The goal again left the tie on the wire. Chelsea emphasized their status as a territorial team, using patience until their opportunity appeared, and Madrid put almost everything to the whirlwind raised by Vinicius, to whom the English offered that space that makes him unstoppable. The English team has the danger very distributed. It is created by their full-backs, Loftus-Cheek coming from behind, Havertz and Mount surprising in the second row and Werner in the role of goal-hunter. And it cost Madrid much more than in London to escape from that well-woven network.
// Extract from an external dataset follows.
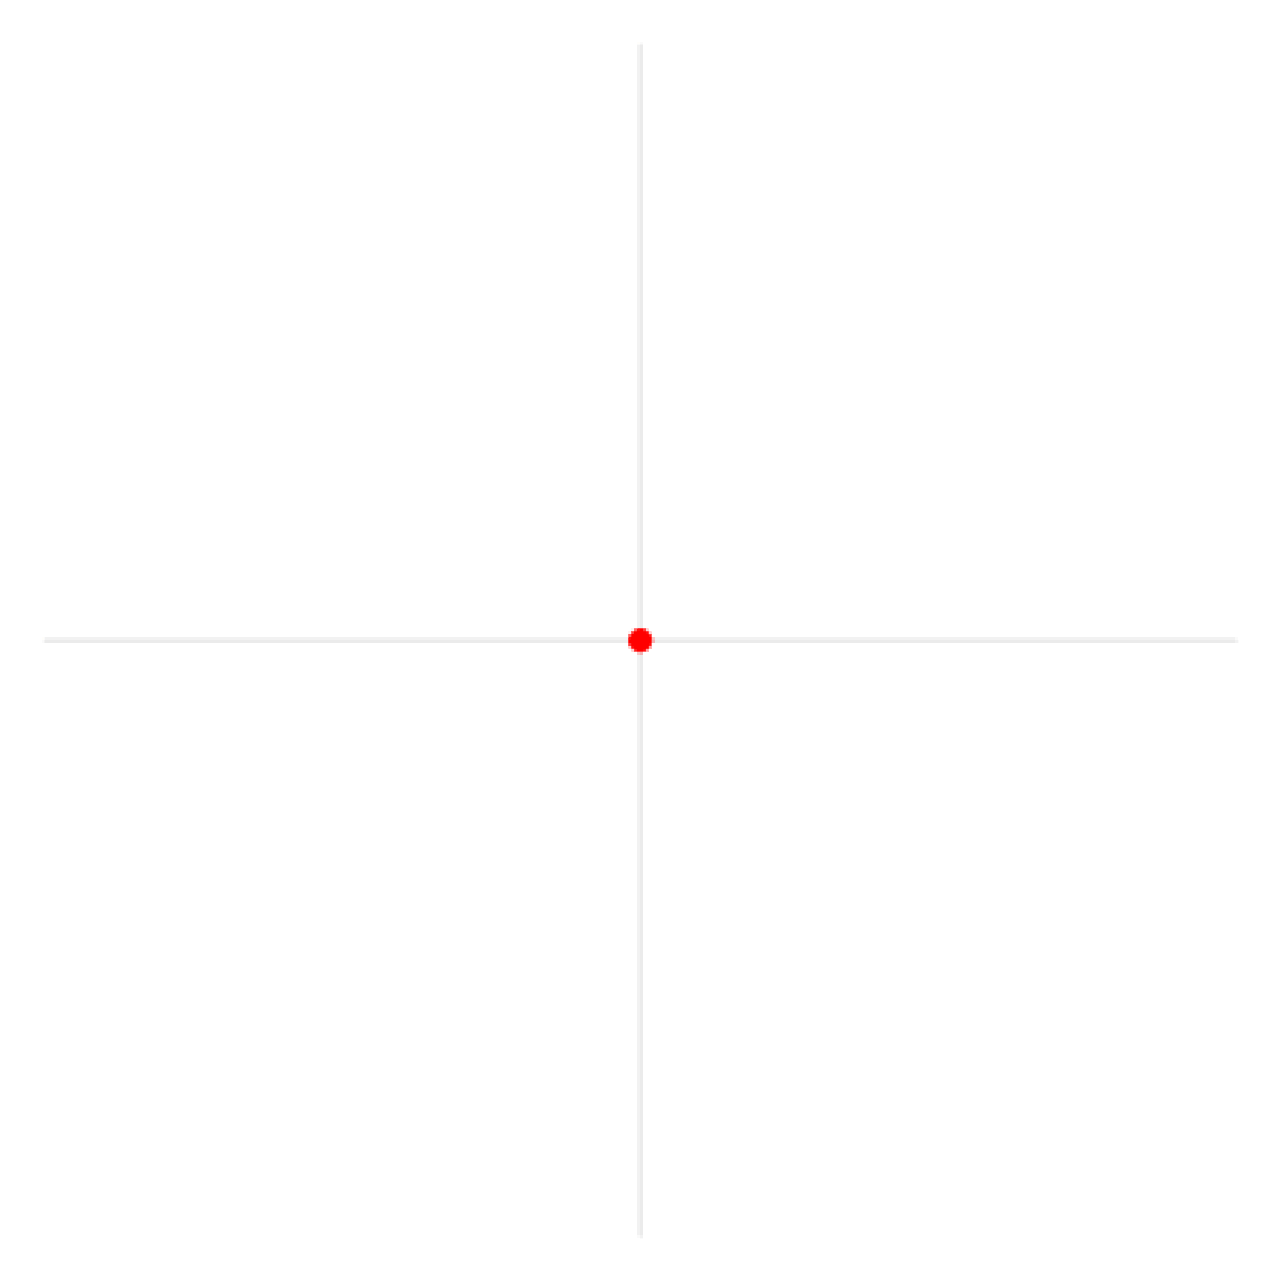 12.1 003. Crosshair белый. Рисунок разделённый на 4 части популярные. Осевая симметрия картинки. Циркуль гифка.

His only response to the goal was two long shots from Benzema, deflected by Thiago Silva, and Casemiro, into the stands. Chelsea’s long possessions disengaged the team of Benzema and Vinicius and their fans, who were put more in a situation by the uproar of the comeback than the patient resistance against a team whose dominance was not at all feigned. And it is that although football did not leave the gyms, the physical exuberance of the English clearly prevailed over the white midfielders and it gave him an advantage on almost every second move. There were no real threats on Courtois but there was a feeling that Madrid was going less and Chelsea more. The clash went to rest in the terms of last year’s tie and very far from the white exhibition at Stamford Bridge. That is the Champions League, a jungle with a changing climate.
Madrid followed the disaster manual to the letter. The goal at the beginning of the first half came a second at the beginning of the second. It was at the exit of a corner that the Polish Marciniak was invented and that Rüdiger nodded in the stratosphere. Chelsea had struck with the precision of a surgeon: twice and twice.
Only from then on, later, did Madrid want to be Madrid. From the field to the stands. When it seemed to get hot, Marcos Alonso, with the right, made the third prior error by Mendy. The rebound that left him in an unbeatable situation came after hitting his hand and the VAR came to the aid of Madrid. The Bernabéu was already in its sauce. Benzema missed a header off the crossbar. That effervescence lasted a sigh.
Chelsea soon recovered, defending themselves with the ball again, one of their specialties, and seemed to finish the job with a spectacular goal: Werner, a damned, cleared the area with two feints and sank the rapier into the heart of Madrid. Courtois saved the fourth in another great header, this one from Havertz. And with the team dying, Modric hit one of those high-precision outside passes and Rodrygo, a newcomer, spliced it into the net. Incredibly, Madrid, reactivated by Camavinga, had gotten into a comeback atmosphere, although Pulisic missed two very clear ones later.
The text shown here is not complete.